An update was just announced about the outcome of a lawsuit between Quality Care Properties (QCP) and HCR ManorCare over $300 million in unpaid rent. ManorCare nursing homes with unpaid rent account for 30,000 elderly residents whom would be turned out on the street should ManorCare fail to agree to the terms of the lawsuit.
QCP gave the nursing home chain until yesterday, October 18, to respond to the lawsuit. Specifically, QCP has asked that ManorCare allow a court-appointed person to handle day-to-day operations for the chain, a relationship referred to as a receivership.
Late this afternoon, Quality Care Properties announced that they have agreed to allow ManorCare to extend the deadline to respond to the lawsuit to November 1.
Nursing Homes Struggling Financially
According to Reuters, receiverships are a viable alternative to eviction or filing for bankruptcy.

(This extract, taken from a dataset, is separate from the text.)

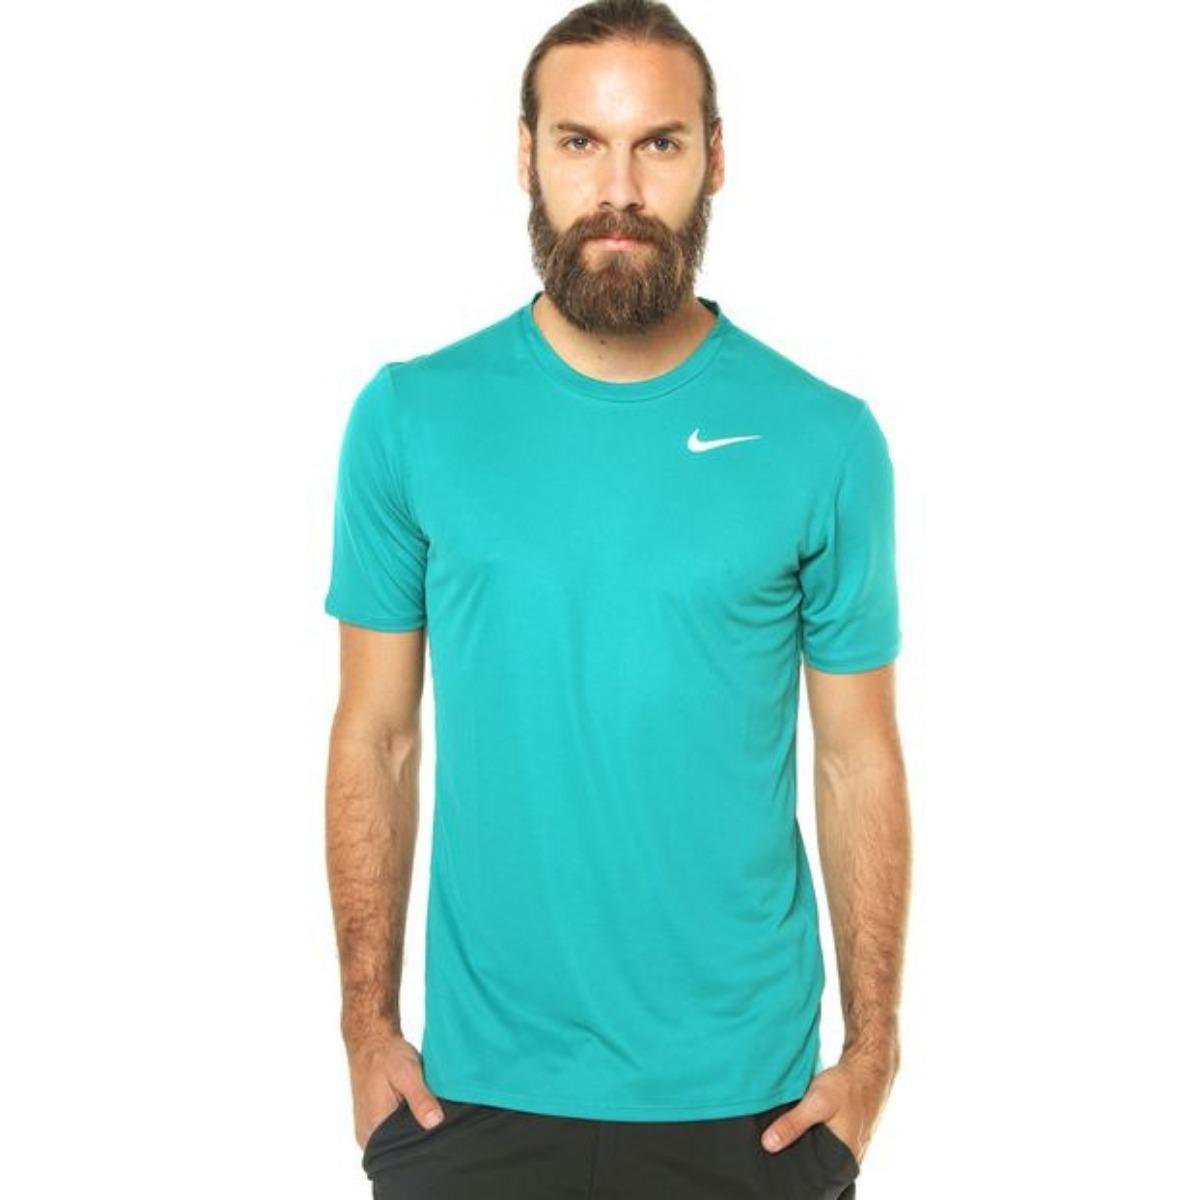 5910e5cfe1 camiseta nike masculina dri-fit racer - azul claro. Carregando zoom.

With many nursing homes in financial distress, receiverships have become more commonplace than ever before. The receiver is said to act in the best interests of both the residents/patients and the investment firm and is there to bridge the gap until a new owner can come in and take over operations. Nursing home industry experts also speculate that QCP could personally take over operation of ManorCare nursing homes, which would change its designation from a real estate investment trust (REIT), a classification that allows them to pay lower taxes than they would as a nursing home owner. This situation seems less likely, with the more probable scenarios involving QCP fully selling off ManorCare to another investor or finding a new management group or chain to run the properties while still maintaining ownership of the land.
Industry experts also tell Reuters that nursing home chains and investment groups that finance them are facing increasing financial burdens. Nursing homes have been under a microscope lately, as much for the quality of care they provide as for their Medicaid billings. Medicaid accounts for the majority of reimbursements to nursing homes and the news has been inundated with cases of fraudulent billing and rampant greed.
After the 14 heat-related preventable deaths at a nursing home in Hollywood Hills, Florida, the media seized on information that the owner had previously paid millions in restitution to the federal government for a multimillion dollar Medicaid scheme at his other facilities. In light of what seems to be constant unfavorable coverage surrounding nursing homes, REITS and investment firms are spinning off nursing home chains in order to reduce their losses.